LOS ANGELES (AP) — The Latest on a $120 million court settlement from the nation’s largest-known natural gas leak (all times local):
11:55 a.m.
A judge has approved a $120 million court settlement from the nation’s largest-known natural gas leak.
Judge Carolyn Kuhl in Los Angeles Superior Court signed off Monday on a deal that environmentalists criticized as too favorable to Southern California Gas Co.
The settlement between SoCalGas and California and the city of Los Angeles calls for mitigating the massive amount of climate-changing methane that spewed for nearly four months from a 2015 blowout at the Aliso Canyon gas storage facility.

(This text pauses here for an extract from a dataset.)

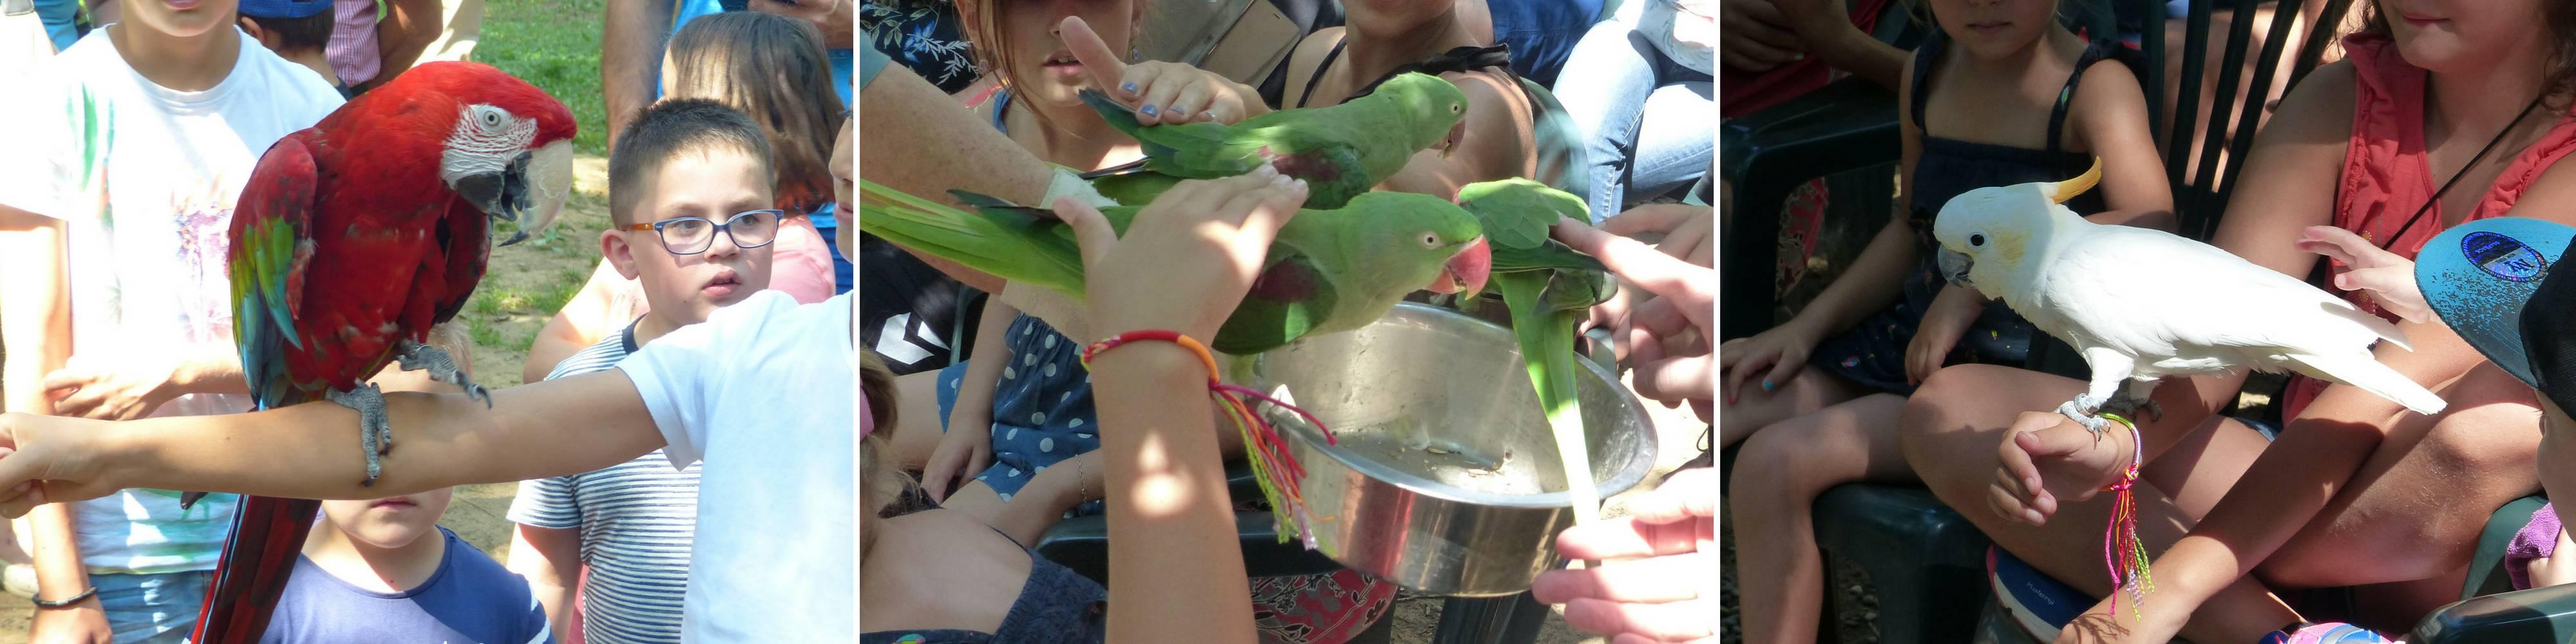 Parc perroquets Bren.jpg

Environmentalist say a plan to capture methane from dairy manure gives the utility full credit for greenhouse gases they only pay partly to capture.
The state defended the deal as fair and says it’s not a subsidy to SoCalGas.
___
9:09 p.m.
A stink is being raised over a $120 million court settlement from the nation’s largest-known natural gas leak. And it’s not about money, but cow manure.
Environmental groups have criticized a plan to put more than a fifth of the settlement for the leak from a storage facility just outside Los Angeles toward capturing climate-changing methane from dairy farms in California’s San Joaquin Valley.
In public comments filed with the state, groups have complained that Southern California Gas Co. is spending only a portion on the dairy projects and getting full credit for the amount of greenhouse gases they capture.
A Los Angeles judge is scheduled Monday to consider whether to approve the settlement.
The 2015 well blowout in the Aliso Canyon storage field that took nearly four months to stop.